Her only warning was the telltale clatter of ruble against steel and she gasped ducking down cursing she grabbed her loose sundress and held it protectively over herself as someone stumbled down the broken wall she had used earlier to get into the furnace area.
“Hello? Is anyone there? I saw the flashes on my drone..” he trailed off spotting her camera setup and a glimpse of her extensive tattoos on her thighs and back. She was pleased by the beat red that crept into his face as he quickly turned his head and looked away from her as she pulled her dress hastily over her head. “OH, uh, sorry didn't mean to see anything there. I’ll, uh, just catch my breast, I mean Breath! And get out of your way,” Kat smiled at his awkwardness and gave him a quick once over.
“It's ok, I didn't know anyone else was out this far,” Kat said walking carefully over the stone floor to her small satchel where she stored the small pink 9mm pistol she carried. She smiled slightly putting it on, she liked how the strap went between her large breast, one of her favorite features about herself. He was a cute specimen for an explorer, they were usually rangy, and as rangy men went she was forced to admit, he was an excellent specimen. He ran his hand through his coal-black dust speckled hair nervously as he turned to her. She was not prepared for the absurdly bright blue eyes behind his square gold-framed glasses, he had a good face as well. Not classically handsome but strong, and weather beaten just enough to be interesting, his nose was slightly crooked and he had a small sharp cut on his chin that was still healing. In worn khaki cargo pants and a battered star wars T-shirt, he still managed to look dangerous and yet somehow kind.
“I didn’t expect to run into a Jaybird out here this far, uh, kinda makes me feel overdressed,” he swallowed at the beautiful women who stood so confidently where she had been naked just moments ago. He tried to keep his eyes off her ample deacleage that the strap of her purse like bag was not helping matters at all. Standing in bare feet, toes covered in factory grime she cut an impressive figure in the smoky light filtering into the old foundry, he swallowed cursing his idiot tongue as it wagged like it had a mind of its own as he struggled to find something to say to this dazzling concrete nymph he had stumbled upon.
“Jaybird?
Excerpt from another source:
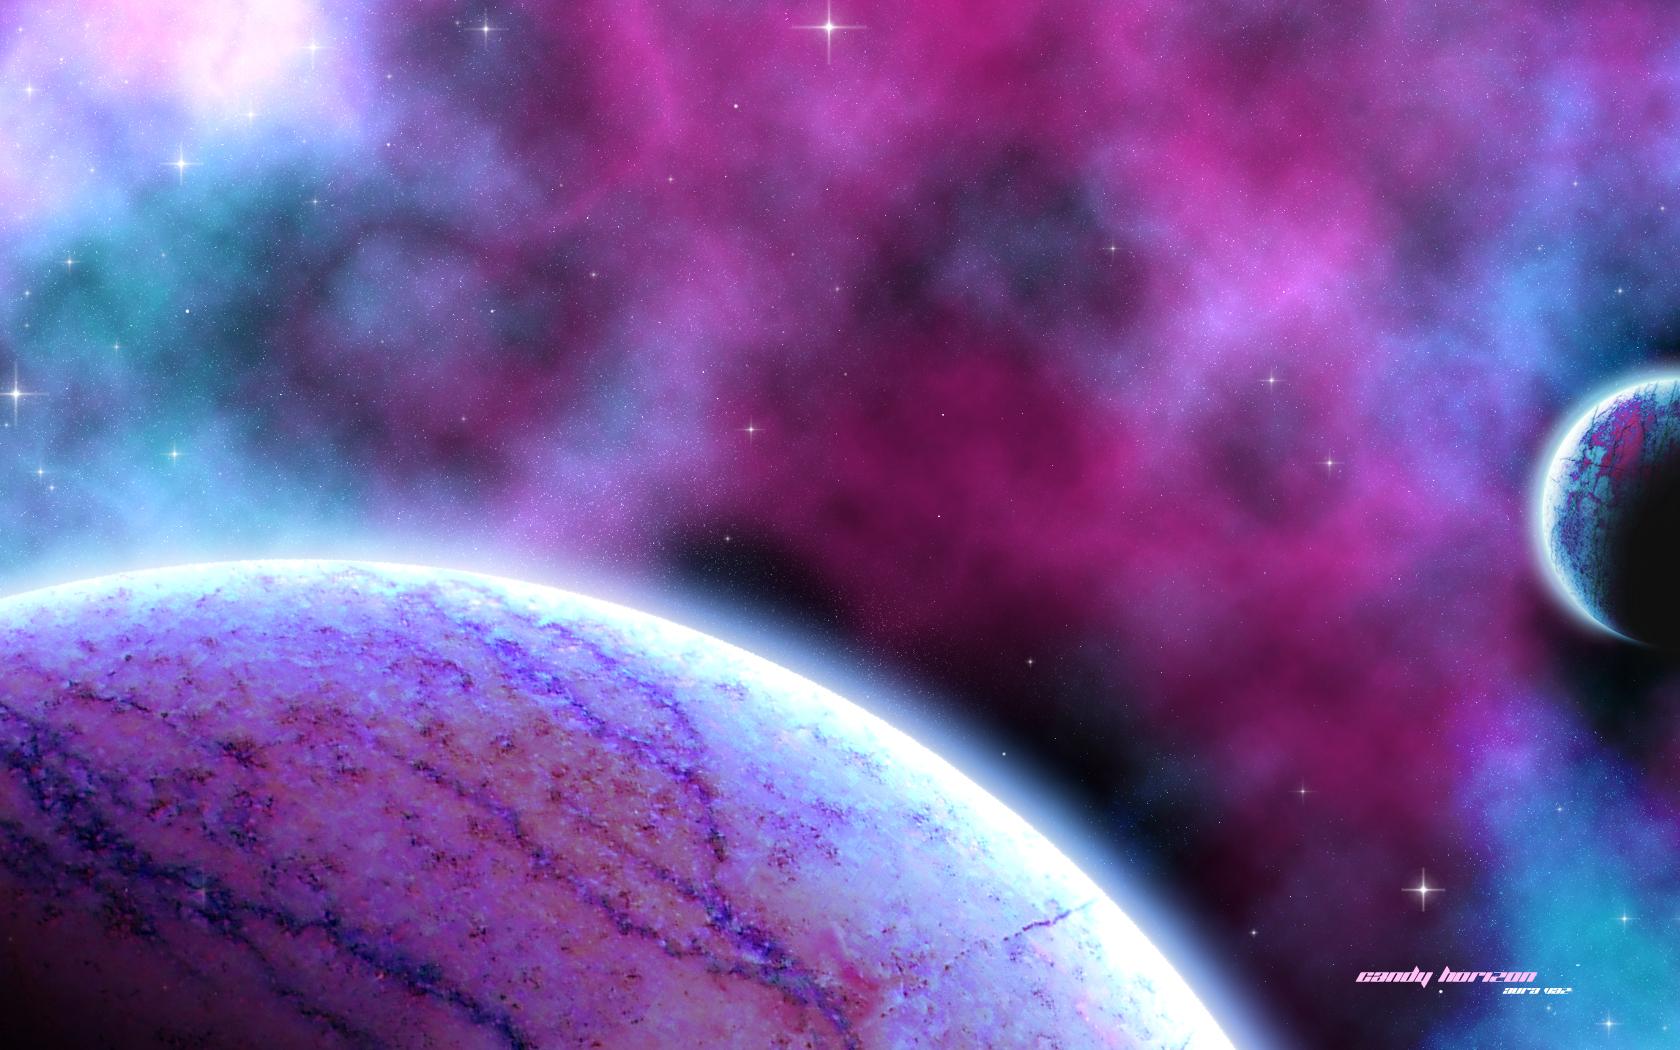 Para quem gosta de space art (meus:P) Candy_horizon_wallpaper_by_auravaz-d30mtio

She asked quirking an eyebrow at his odd choice of words. He blushed even brighter at her look if that was possible.
“Yeah, sorry it’s what my Dad always called nudist,” he tried to clear his suddenly dry throat at her interested half glare, “I’ll just get out of your hair then…” he trailed off and turned to go cursing himself every inch he turned away from her.
“I’m Kat,” she said taking her hand off her gun and stretching it out for a handshake. The sun broke through the clouds streaming through the dirty skylights above them just as his face lit up and she vowed to get him out of his comfort zone and into her photoshoot.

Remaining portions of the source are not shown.